Across the way, David Ragan sits with a runner-up finish that still feels somewhat hollow. On a night where another potential replacement for the No. 6 driver, Ricky Stenhouse, Jr. ran 11th, the UPS Ford was a top-5 car all day, then had a chance to win only to finish in the category this sponsor won’t remember: second on a night of chaos as a man and team who need additional sponsorship (one Richard Childress Racing, rumored to have courted the packaging company) wound up running ahead of him.
“I feel great about the rest of the season,” Ragan claimed afterwards, still upbeat but realistic about where this run leaves him. “Certainly, this race is a great race. It’s a great momentum builder, but if we go to Kansas and blow up and finish last and then we go to the next race and wreck and finish 30th, we’re going to be back where we’re at.“
That place happens to be 18th in the standings, six positions behind fellow pack ‘n’ ship rival Denny Hamlin. But this duo stands together in their misery; Hamlin seemed to have a shocking victory in hand, the “carburetor comeback” after changing the part under caution but just as the No. 88 ran out of gas, he pressed the accelerator on the No. 11 Toyota and … no dice.

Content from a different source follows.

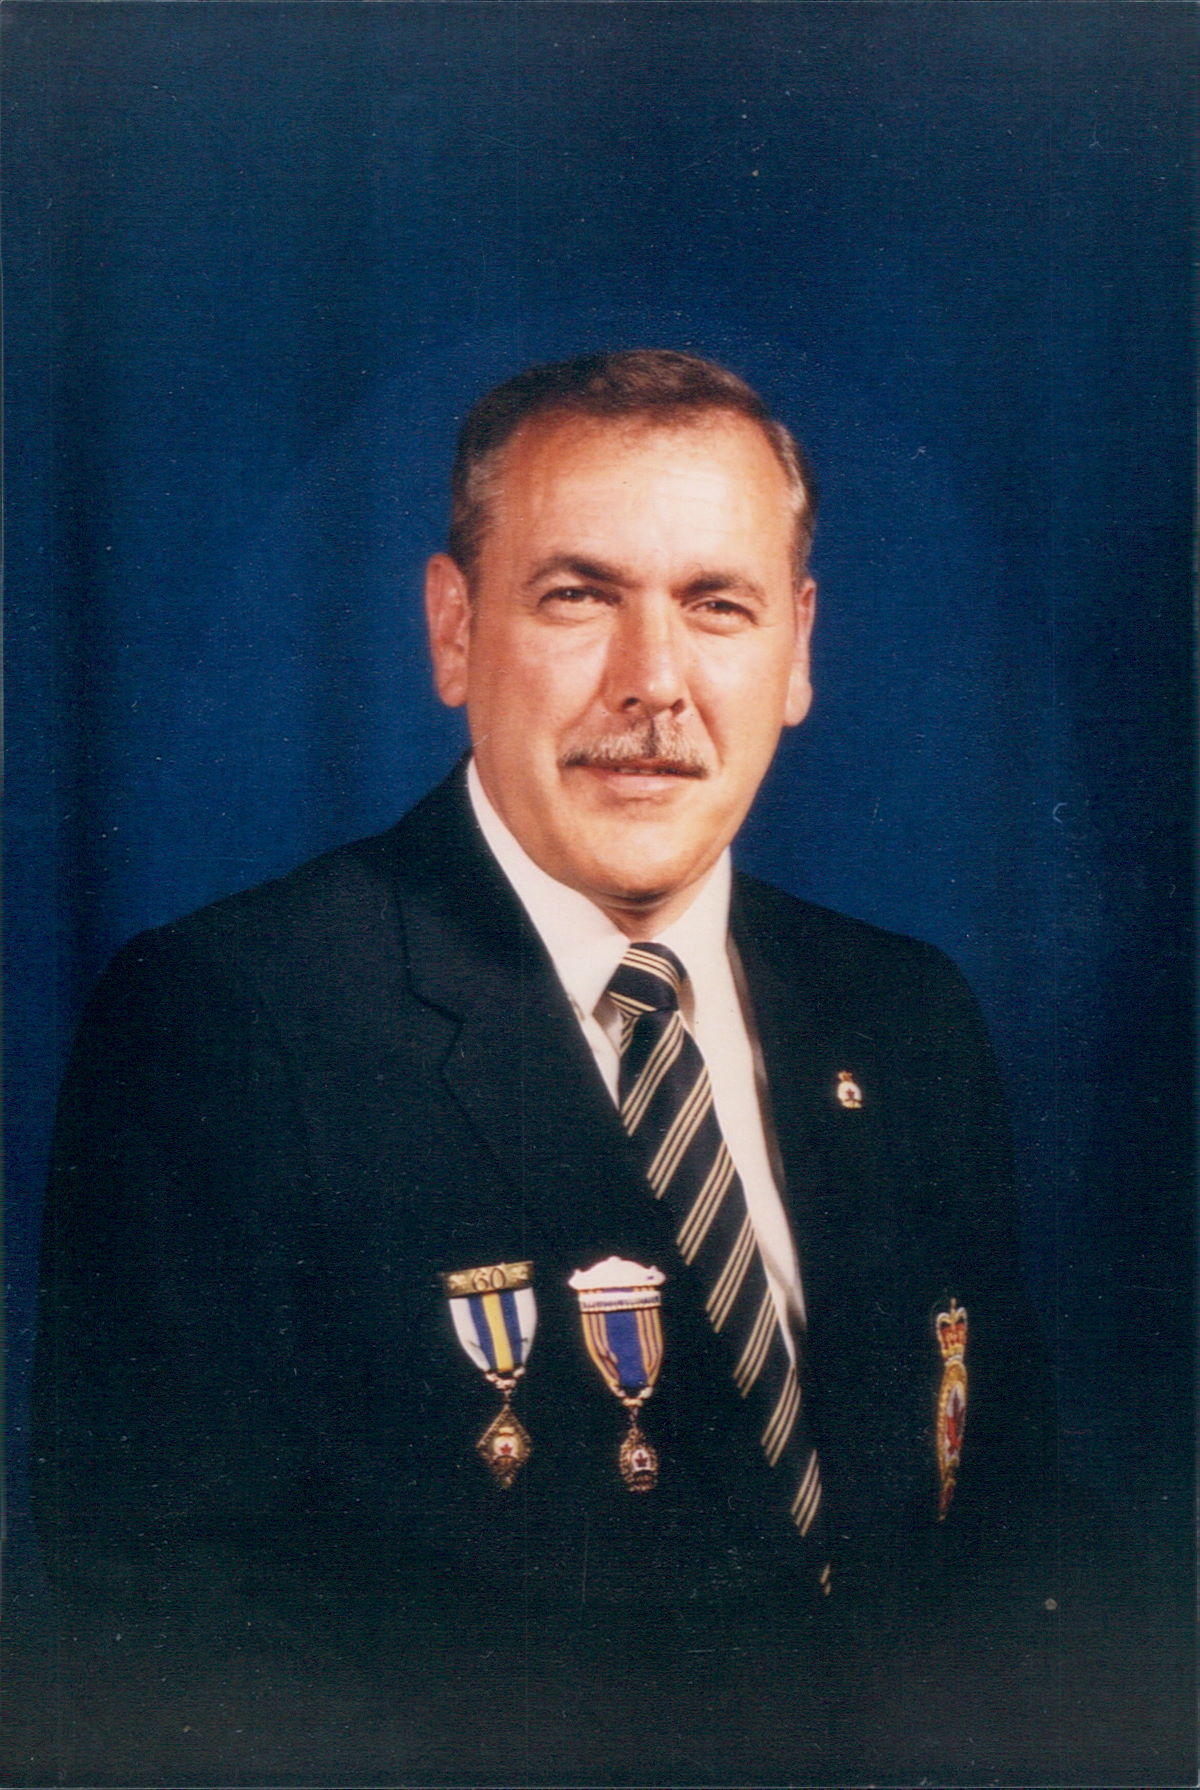 Richard Gallant

“I thought I’d be happy with a top 8, but you can’t run second on the back straightaway and be happy with 10th,” he said afterward. “My eyes got huge, but we’ll keep fighting. It’s a step back in the right direction and we’ll win some races here real soon.”
Or will he? The number of times Hamlin and Co. have shot themselves in the foot this season are more than all of 2010 combined. How many hits will it take for them to detour for good, especially with a potential crew chief change still possible? And how long of a leash will Ragan have before merely contending for wins just isn’t enough?

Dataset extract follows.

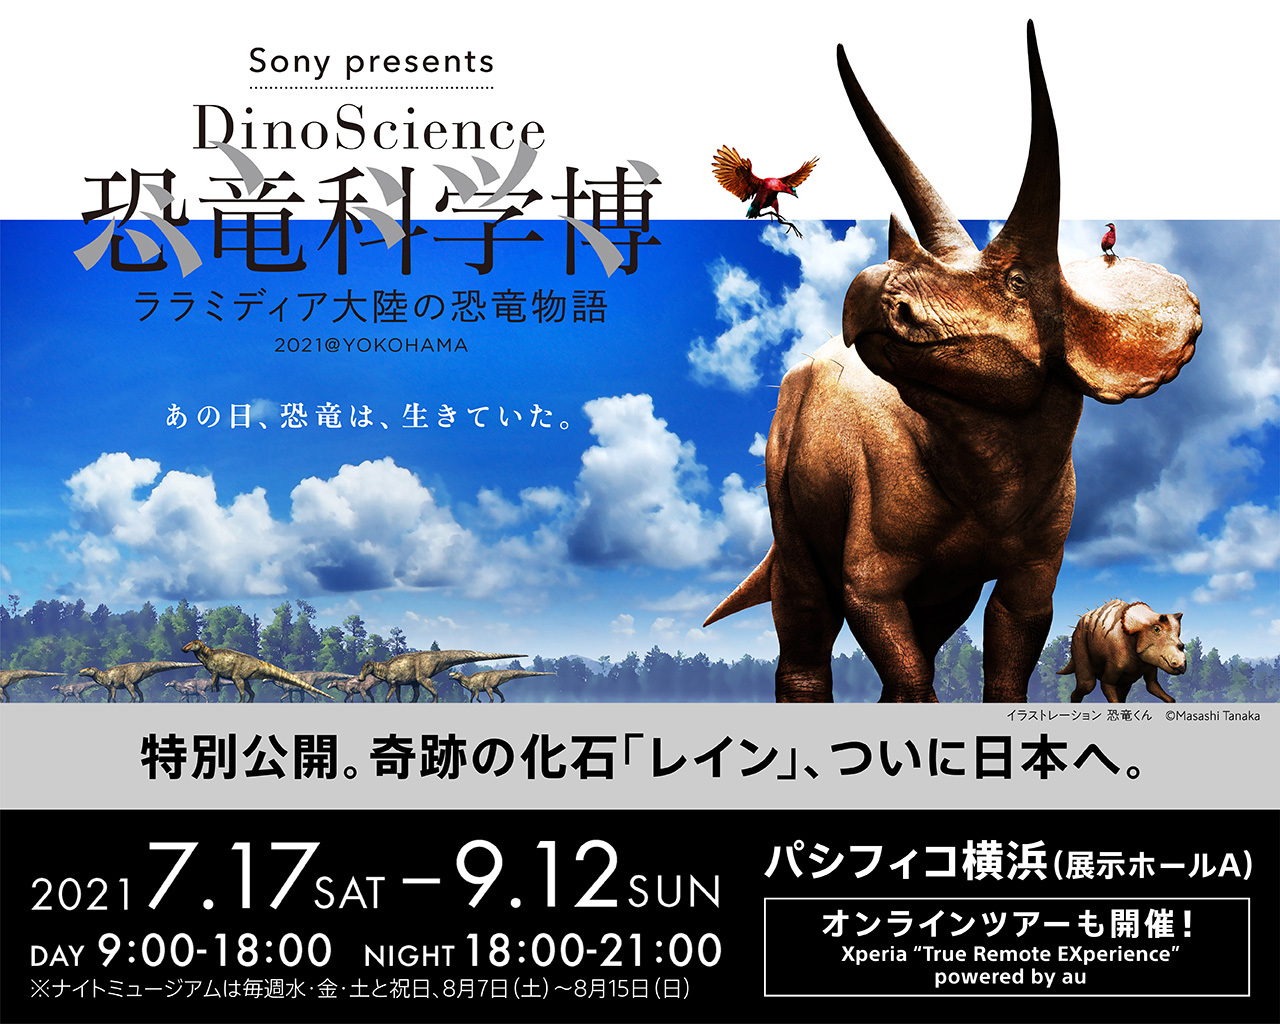 『Sony presents DinoScience 恐竜科学博 〜ララミディア大陸の恐竜物語〜』

Rounding out this fivesome is Greg Biffle, the leader until that final caution put the No. 16 Ford on pit road and out of contention. After a night in which a cooling system failed, leaving the driver suffering from heat exhaustion part of him was simply happy the race was over. But after 50 laps led, more than double what he’d led in all of 2011 combined up to this Sunday the ending proved a sour taste, especially when the next track on the schedule (Kansas) is where Biffle last tasted Victory Lane champagne in the Cup Series.
The Roush Fenway veteran didn’t have anything to say in post-race; he let adversity do the talking on a night when there was plenty of ugly endings to dish around. They say luck is when skill and opportunity come together… and for each of these men, the next few days will lead to endless thinking as to how they couldn’t make them pair up.